### Exercise details
Start at the line that contains "Кадиллак логотип. Кадиллак" in the listing below and extract every line through the last, exactly; leave pictures out.

### Data shown

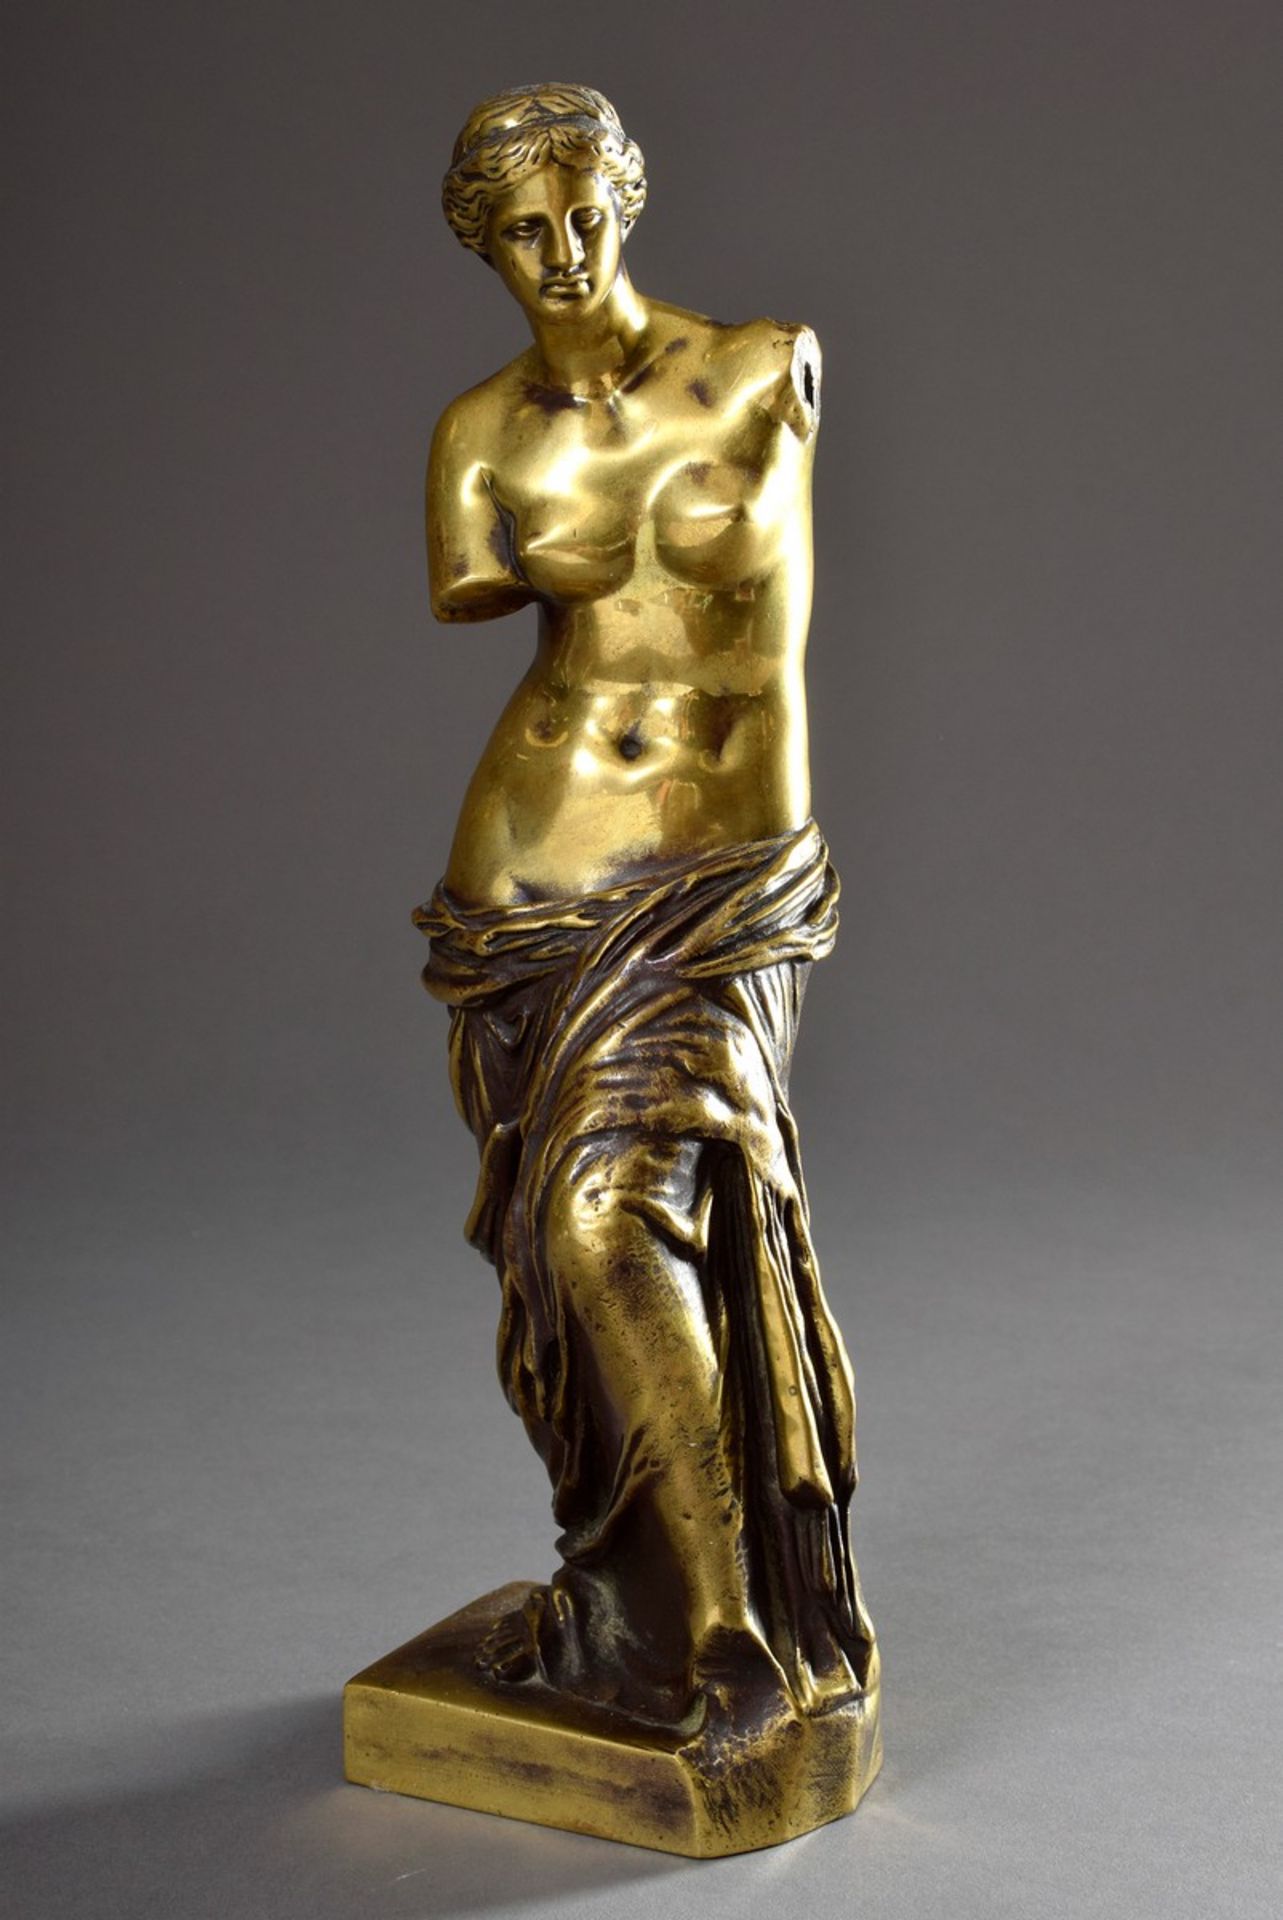 Gelbguss Plastik "Venus von Milo", Gießerstempel: "Rtion Sauvage" (R. Liod Sauvage), mit Resten
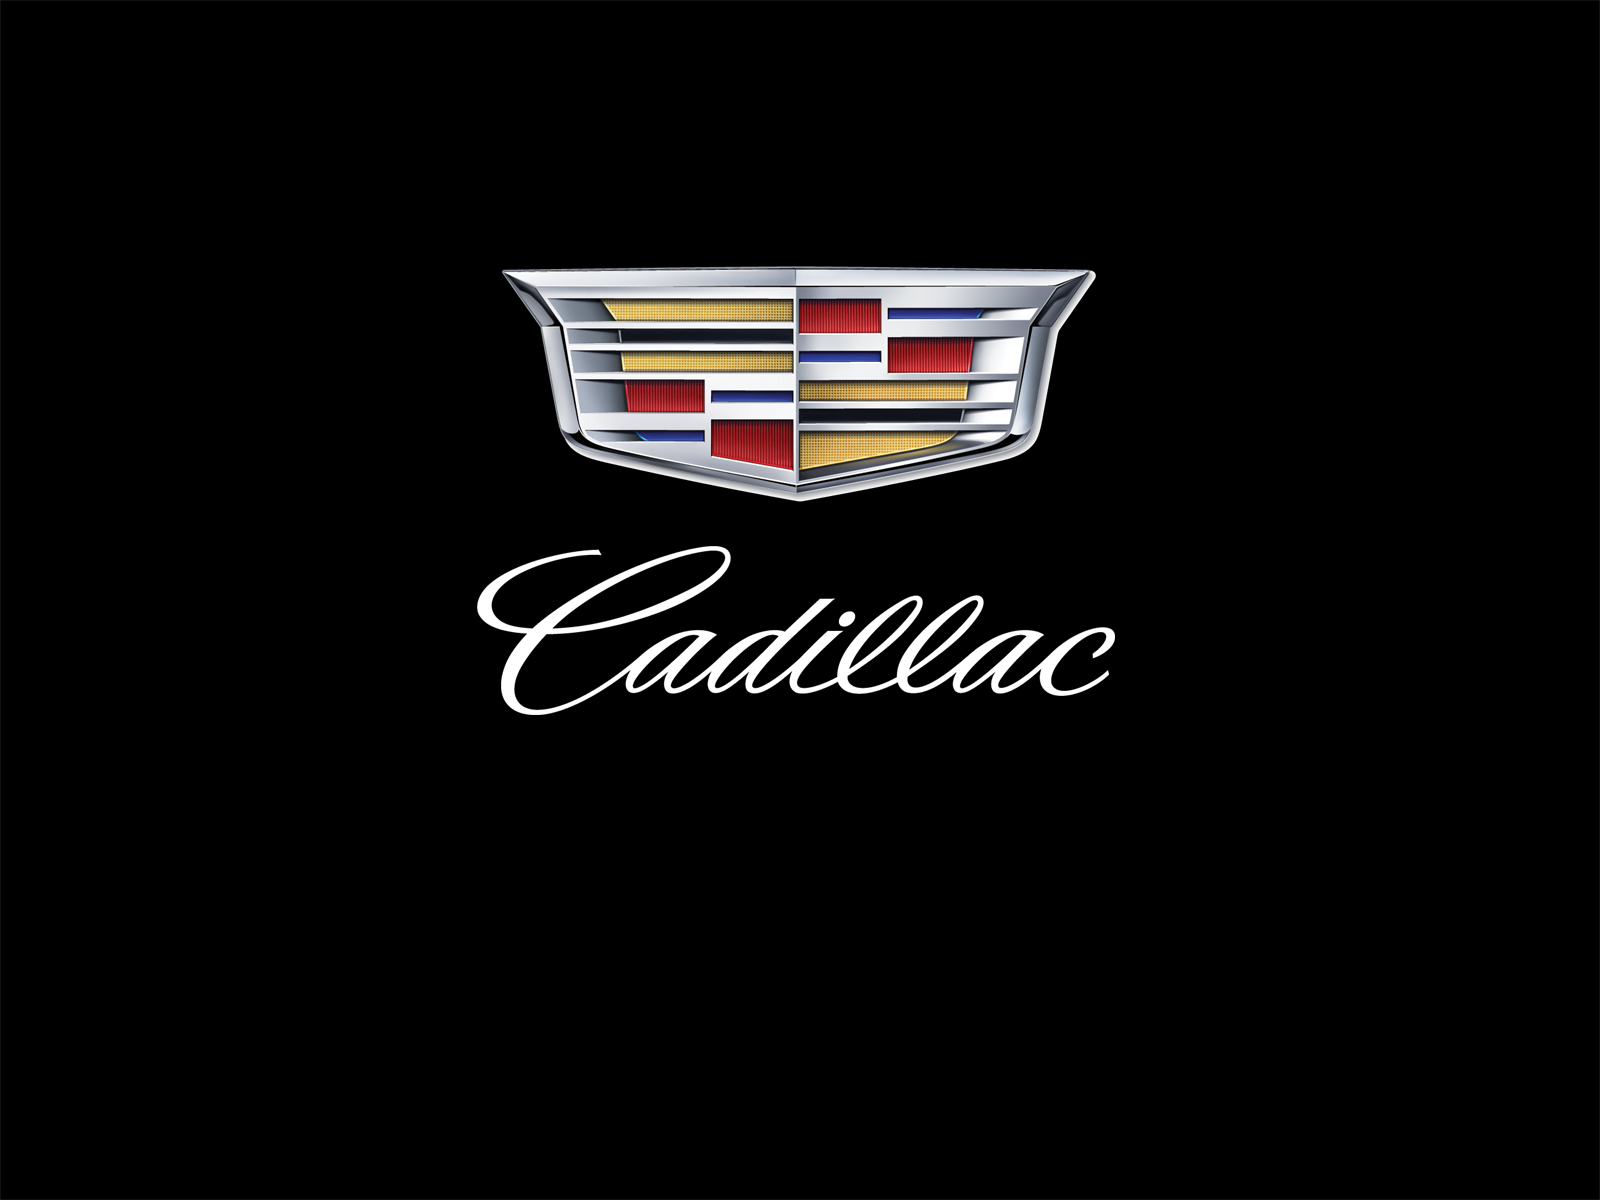 Кадиллак логотип. Кадиллак Эскалейд лого. Кадиллак значок машины. Кадиллак Эскалейд значок. Надпись Кадиллак.
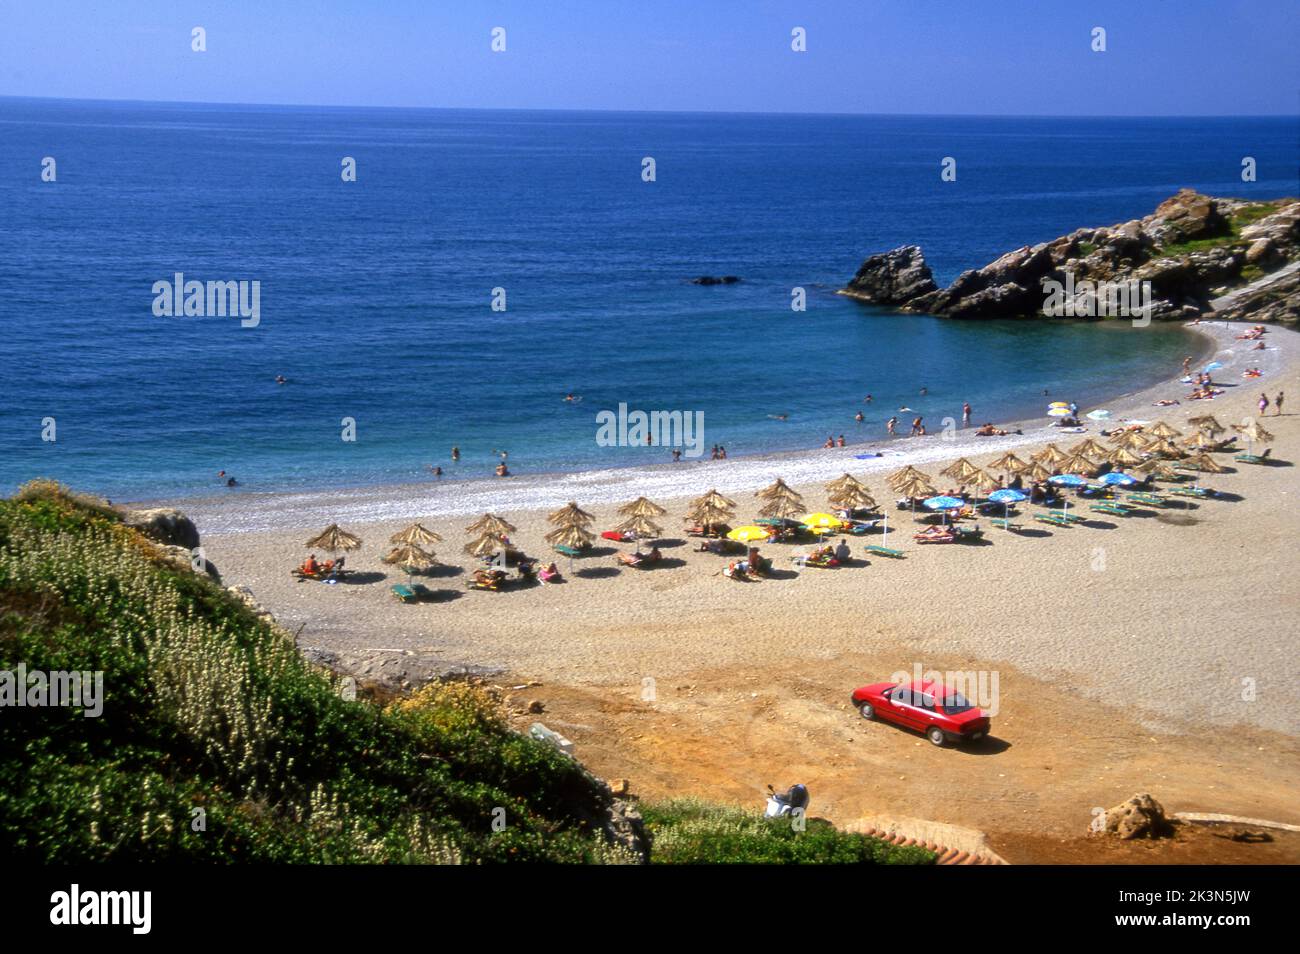 Una hermosa playa en la isla griega de Creta en el mar Egeo. Foto de stock

### Solution to this exercise
 Кадиллак логотип. Кадиллак Эскалейд лого. Кадиллак значок машины. Кадиллак Эскалейд значок. Надпись Кадиллак.
 Una hermosa playa en la isla griega de Creta en el mar Egeo. Foto de stock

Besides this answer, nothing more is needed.